I am running into the same issue. The edges problem can be solved by instructing pandas to drop duplicates (add argument duplicates="drop" to the pd.cut call in templates/processors/numeric), but of course it probably means that the problem is in the data itself.

Not sure what the developers could to automatize in this case -- maybe call sklearn Inputer or (in my case) just fill the NAs?

GriffinRidgeback commented 5 years ago

Thank you!  I will give that a try.  I did call fillna() on the dataframe before passing the csv to the tool;  guess that wasn't enough.

-----Original Message----- From: Tiago Tresoldi notifications@github.com To: minimaxir/automl-gs automl-gs@noreply.github.com Cc: Griffin kevindelia@verizon.net; Author author@noreply.github.com Sent: Thu, Apr 11, 2019 10:48 am Subject: Re: [minimaxir/automl-gs] bin edges must be unique (#23)

I am running into the same issue. The edges problem can be solved by instructing pandas to drop duplicates (add argument duplicates="drop" to the pd.cut call in templates/processors/numeric), but of course it probably means that the problem is in the data itself.Not sure what the developers could to automatize in this case -- maybe call sklearn Inputer or (in my case) just fill the NAs?— You are receiving this because you authored the thread.
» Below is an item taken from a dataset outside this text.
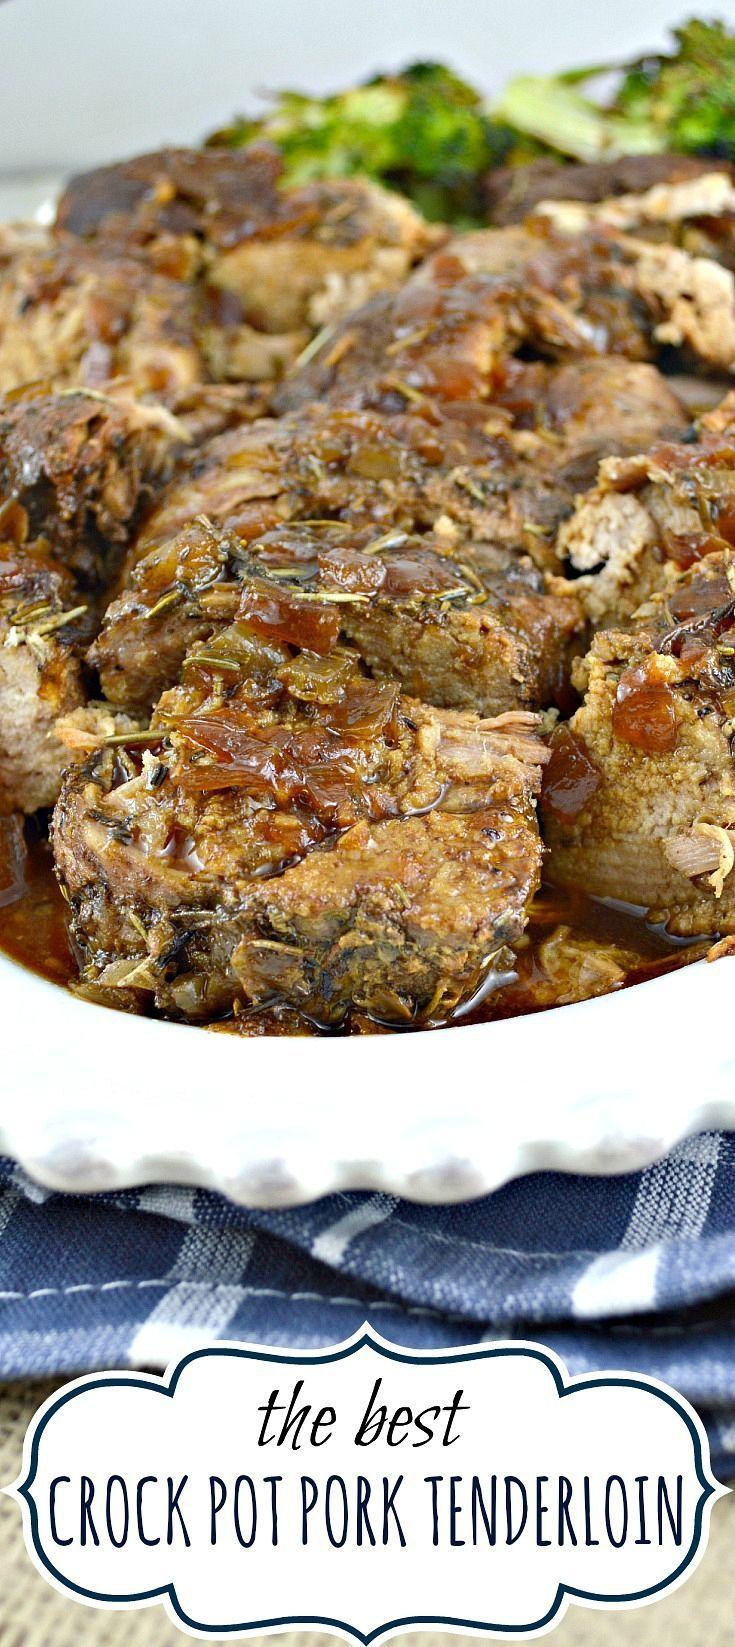 Crock pot pork tenderloin. This recipe makes an incredibly tender, moist,flavorful pork tenderloin with a fabulous pan sauce/gravy. All from scratch-no canned soup!  For Dinner tonight!

Reply to this email directly, view it on GitHub, or mute the thread.

GriffinRidgeback commented 5 years ago

Well that fixed it but now I get this error:

ValueError: Error when checking input: expected input_loan_type to have shape (1,) but got array with shape (2,)

when I check this attribute, I get this:

train_data.loan_type.unique()

array([3, 1, 2, 4], dtype=int64)

Should I open a separate ticket for this?

And thank you for getting me a little bit further

avinregmi commented 5 years ago

I'm having the same issue. Did you solve it?

GriffinRidgeback commented 5 years ago

I did not. I used the xgboost algorithm instead. That ran to completion but I didn't get the output I expected. I thought I would get 1's and 0's but got probabilities instead which wasn't acceptable to what I had to submit for my course project.

Good luck!

germanjoey commented 5 years ago

@avinregmi Sounds similar to my problem here: #25.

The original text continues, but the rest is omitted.